### [Data section]
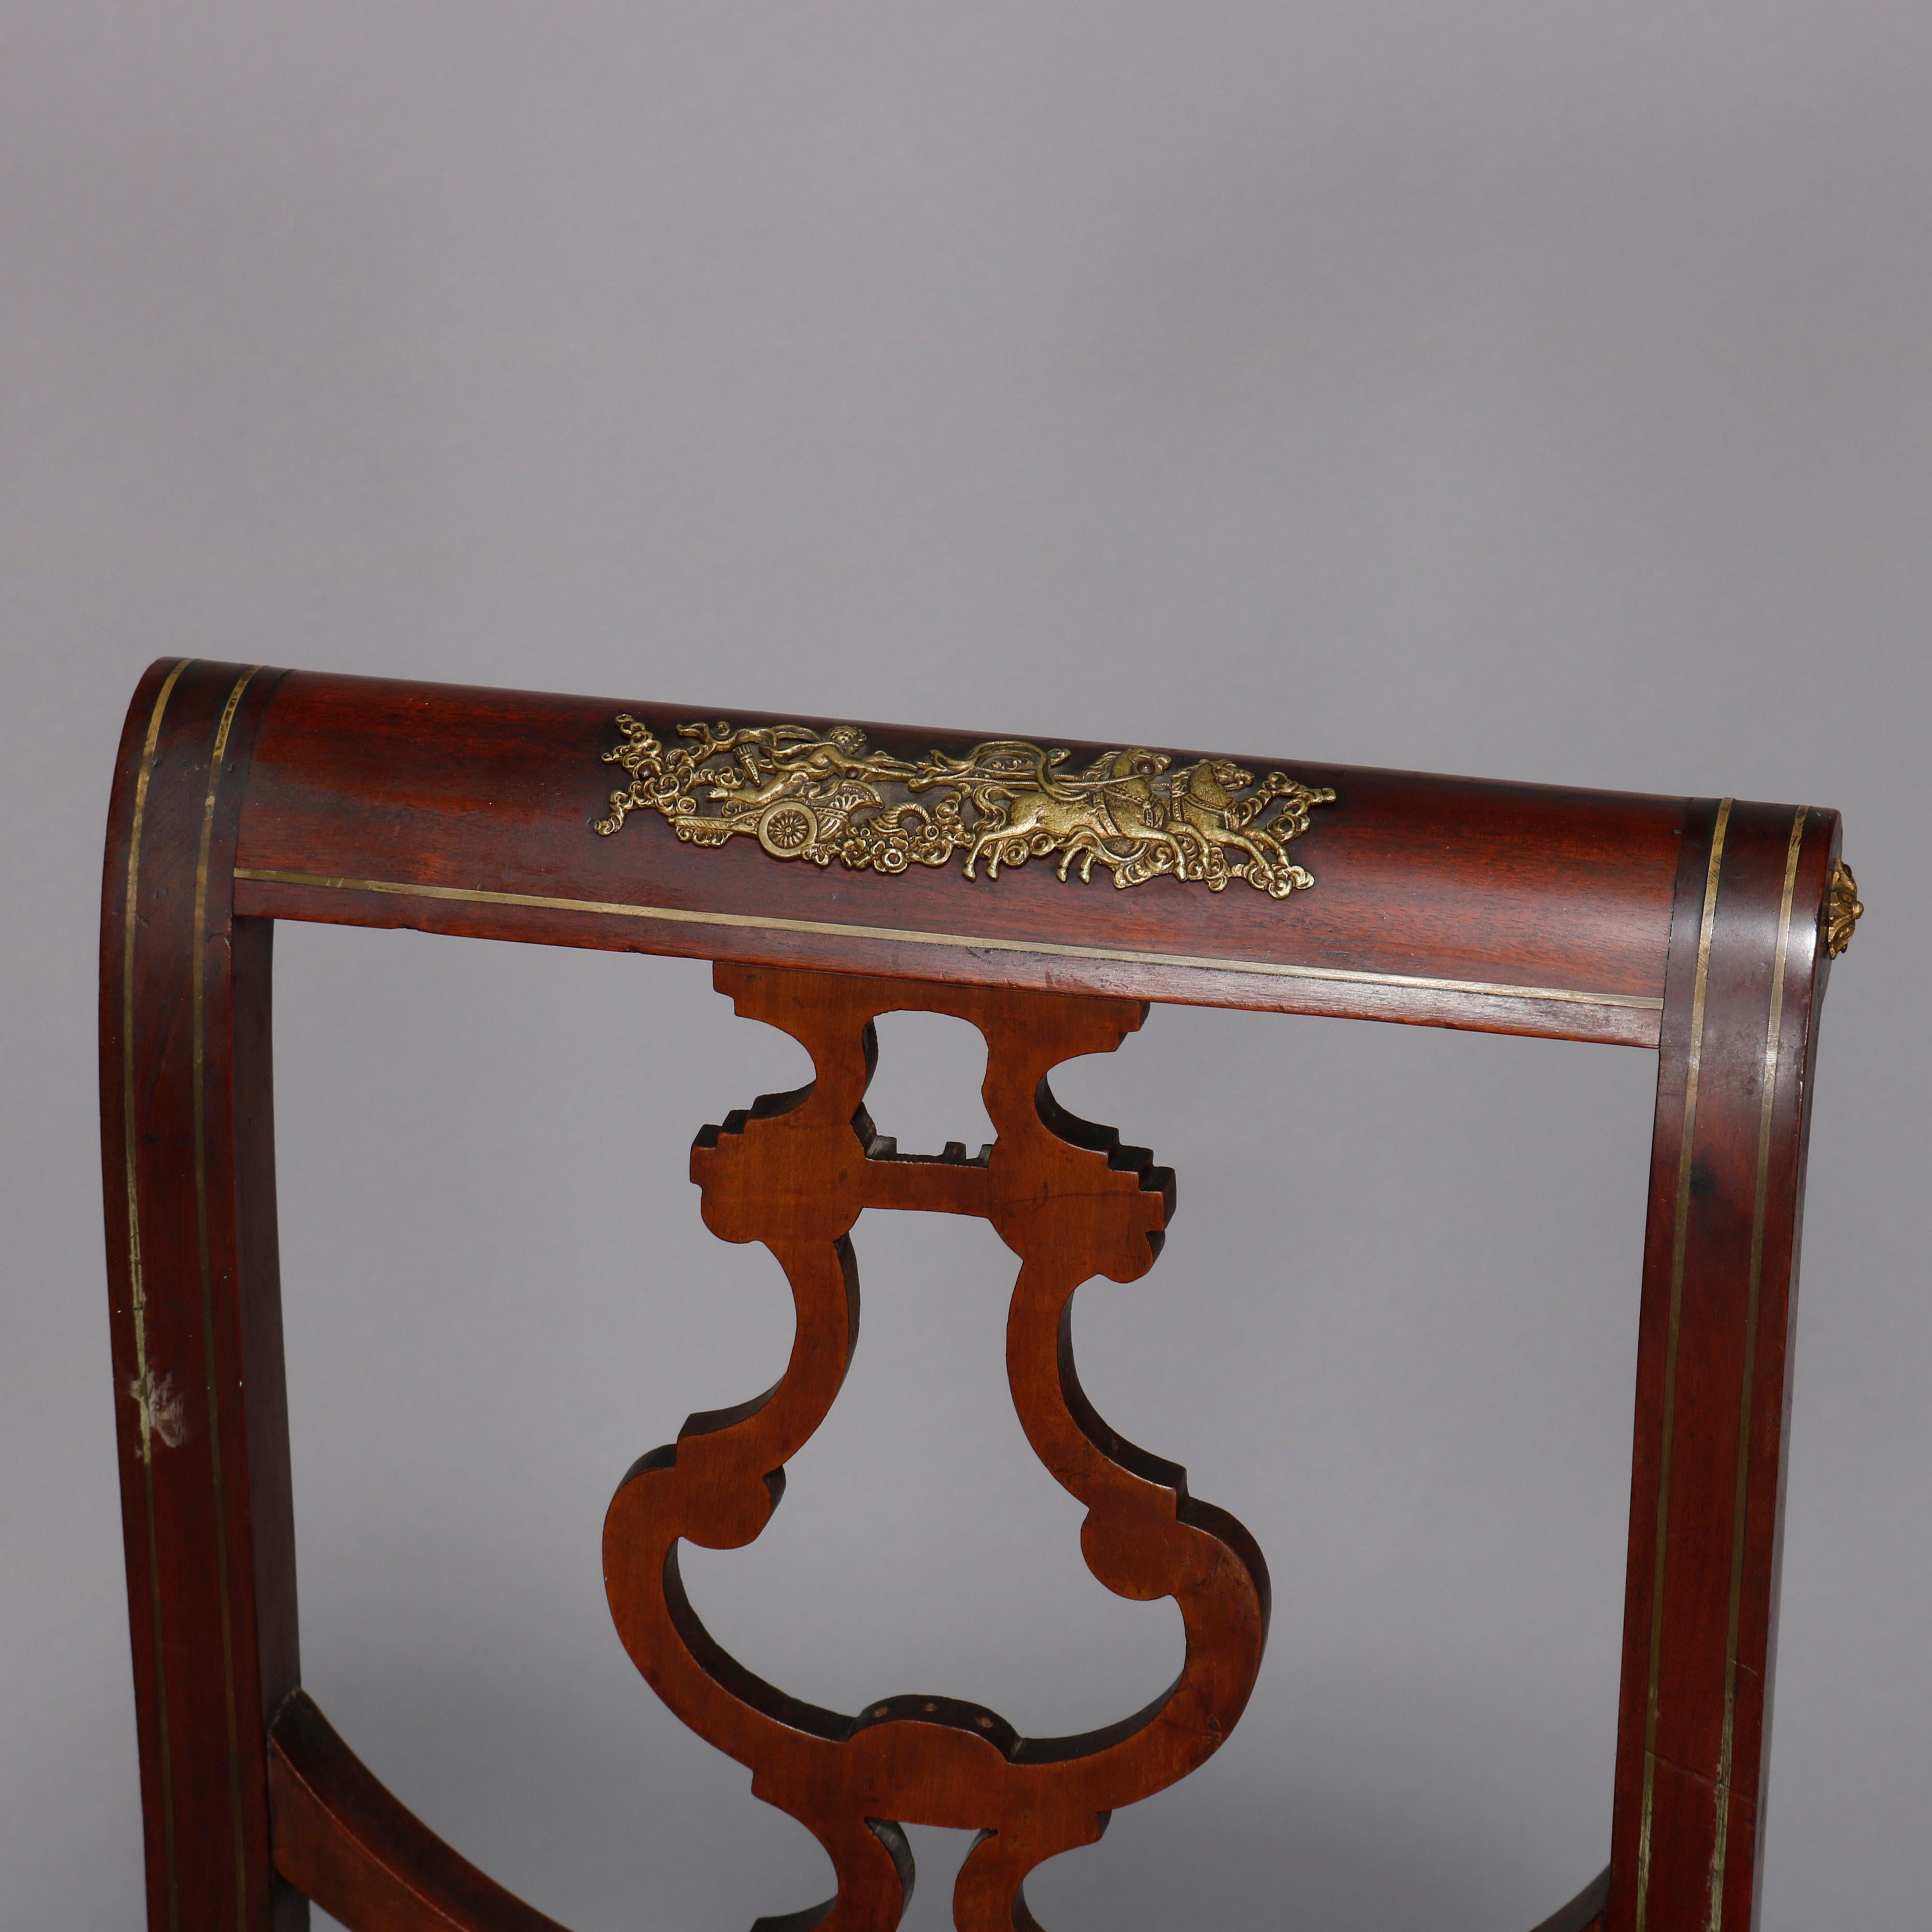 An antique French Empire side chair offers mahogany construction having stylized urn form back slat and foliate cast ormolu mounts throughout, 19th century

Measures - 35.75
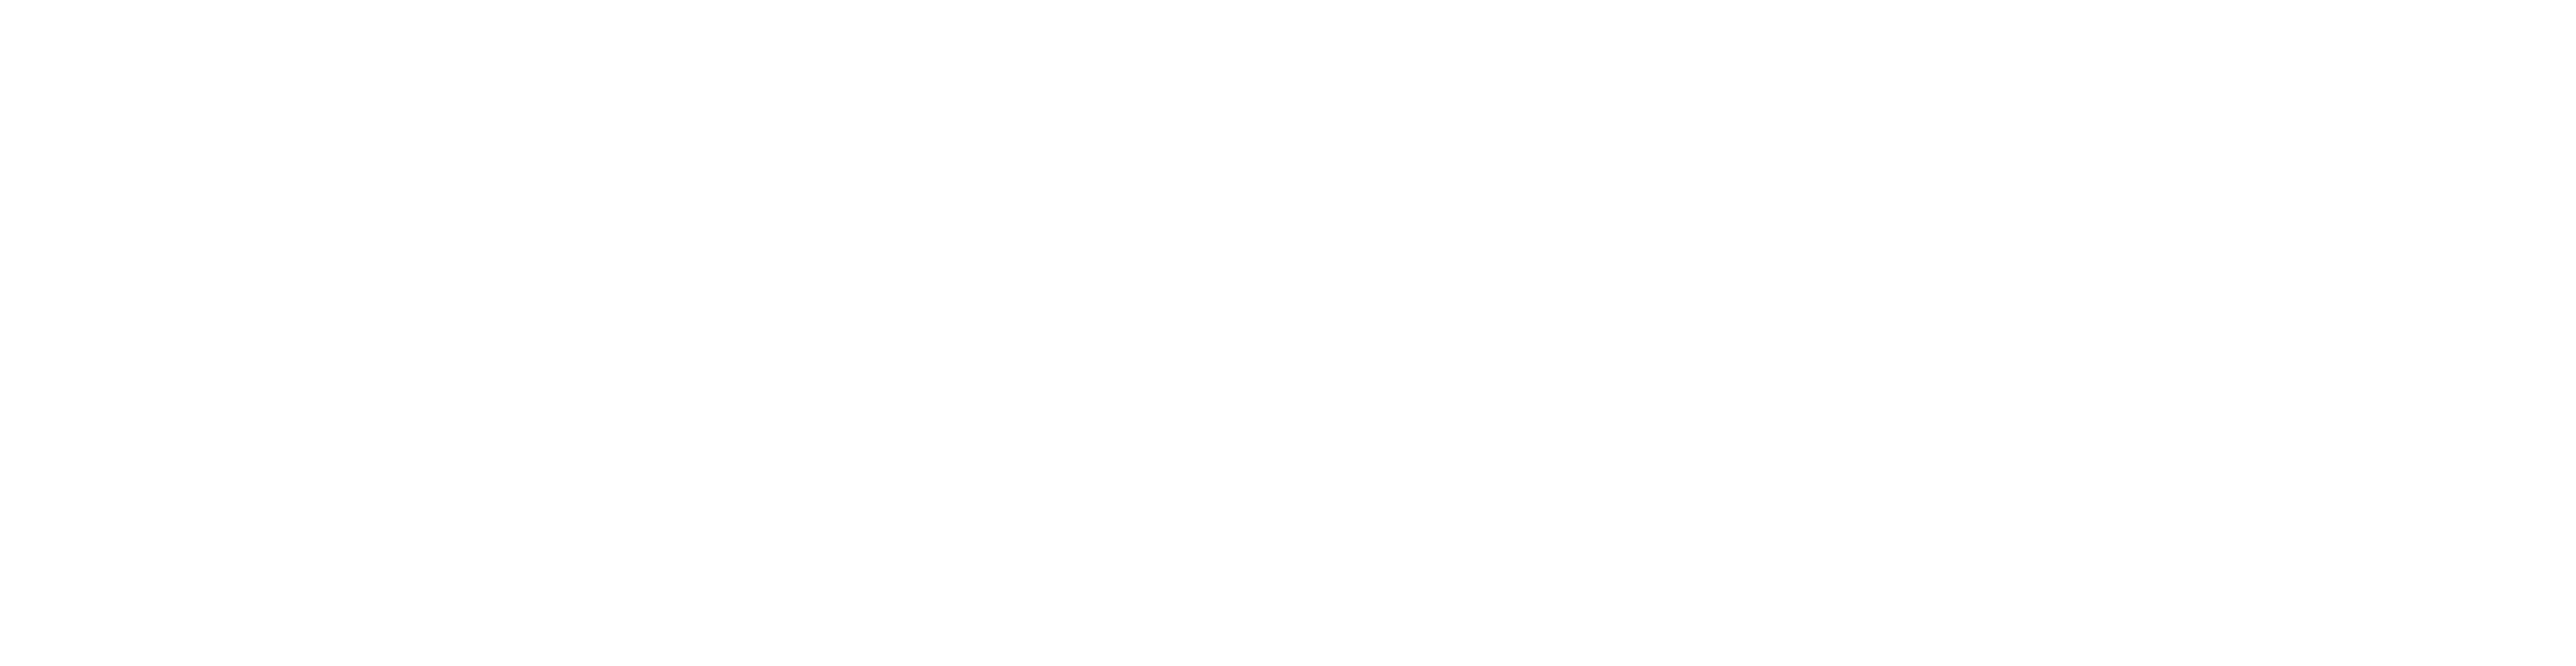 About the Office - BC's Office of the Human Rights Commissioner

### [Work order]
Once the pictures are set aside, repeat the data above exactly as written.

### [Exercise solution]
 An antique French Empire side chair offers mahogany construction having stylized urn form back slat and foliate cast ormolu mounts throughout, 19th century

Measures - 35.75
 About the Office - BC's Office of the Human Rights Commissioner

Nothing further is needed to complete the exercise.